Personal information
- Full name: Davide Frattesi
- Date of birth: 22 September 1999 (age 27)
- Place of birth: Rome, Italy
- Height: 1.78 m (5 ft 10 in)
- Position: Central midfielder

Team information
- Current team: Lazio (on loan from Inter Milan)
- Number: 16

Youth career
- 2006–2014: Lazio
- 2014–2017: Roma

Senior career*
- Years: Team / Apps / (Gls)
- 2017–2024: Sassuolo / 72 / (11)
- 2018–2019: → Ascoli (loan) / 33 / (0)
- 2019–2020: → Empoli (loan) / 37 / (5)
- 2020–2021: → Monza (loan) / 37 / (8)
- 2023–2024: → Inter Milan (loan) / 32 / (6)
- 2024–: Inter Milan / 50 / (5)
- 2026–: → Lazio (loan) / 5 / (3)

International career^{‡}
- 2015–2016: Italy U17 / 10 / (2)
- 2016–2017: Italy U18 / 4 / (0)
- 2016–2018: Italy U19 / 20 / (1)
- 2018–2019: Italy U20 / 12 / (4)
- 2019–2021: Italy U21 / 10 / (2)
- 2022–: Italy / 35 / (8)

Medal record
Men's football
Representing Italy
UEFA Nations League
| Third place | 2023 Netherlands |  |
UEFA European Under-19 Championship
| Runner-up | 2018 Finland |  |

= Davide Frattesi =

Italian footballer (born 1999)

Davide Frattesi (born 22 September 1999) is an Italian professional footballer who plays as a central midfielder for Serie A club Lazio, on loan from Inter Milan, and the Italy national team.

== Club career ==
=== Sassuolo ===
On 20 December 2017, Frattesi made his professional debut in a 2–1 away defeat against Serie A club Atalanta in the round of 16 of Coppa Italia, he was replaced by Matteo Politano in the 74th minute.
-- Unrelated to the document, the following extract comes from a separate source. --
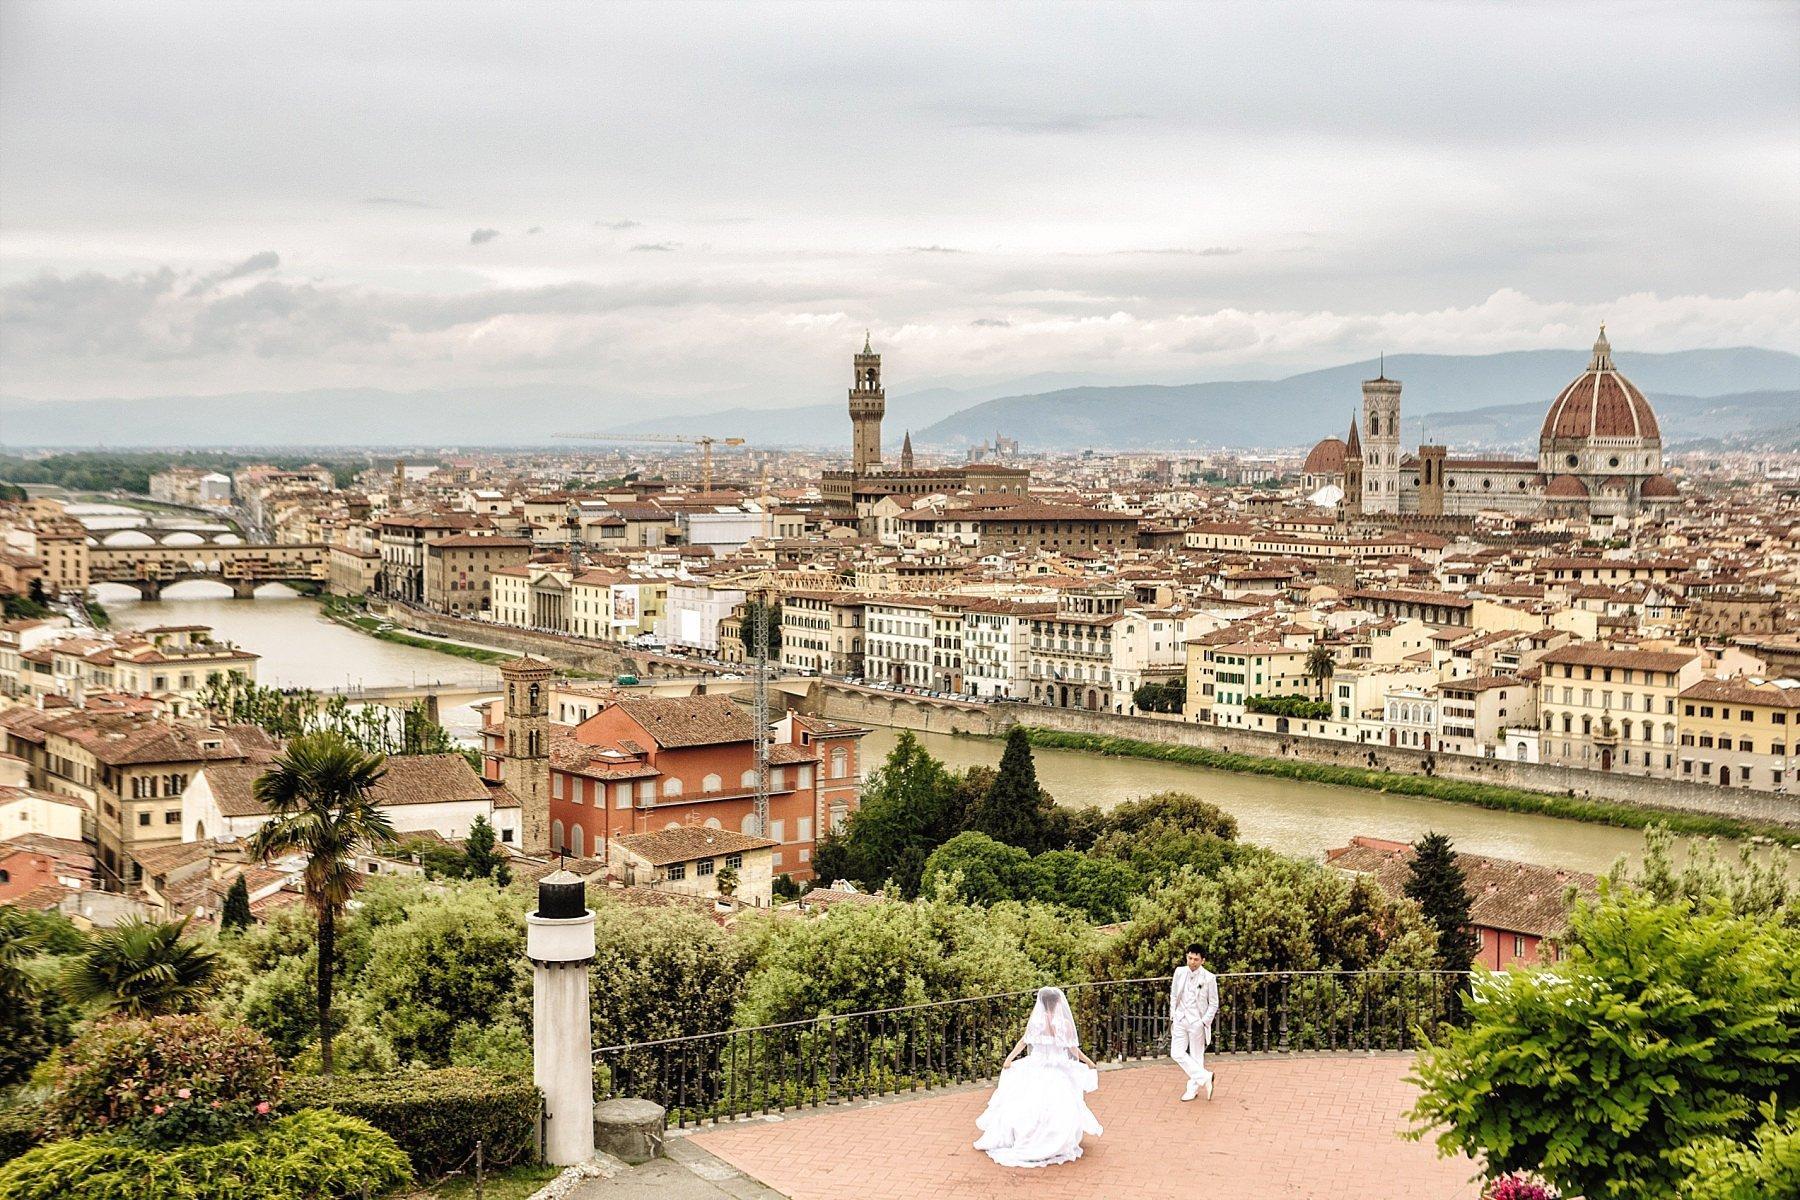 Fotografia di matrimonio a Firenze al Piazzale Michelangelo con Vista di Firenze

He made several more bench appearances for Sassuolo's senior team during the season, but did not appear on the field.

==== Loan to Ascoli ====
On 16 August 2018, Frattesi joined to Serie B side Ascoli on loan until 30 June 2019. Ten days later, on 26 August, he made his Serie B debut for Ascoli as a substitute replacing Tomasz Kupisz in the 57th minute of a 1–1 home draw against Cosenza. One week later, on 2 September, Frattesi played his first match as a starter, a 2–0 away defeat against Perugia, he was replaced after 61 minutes by Enrico Baldini.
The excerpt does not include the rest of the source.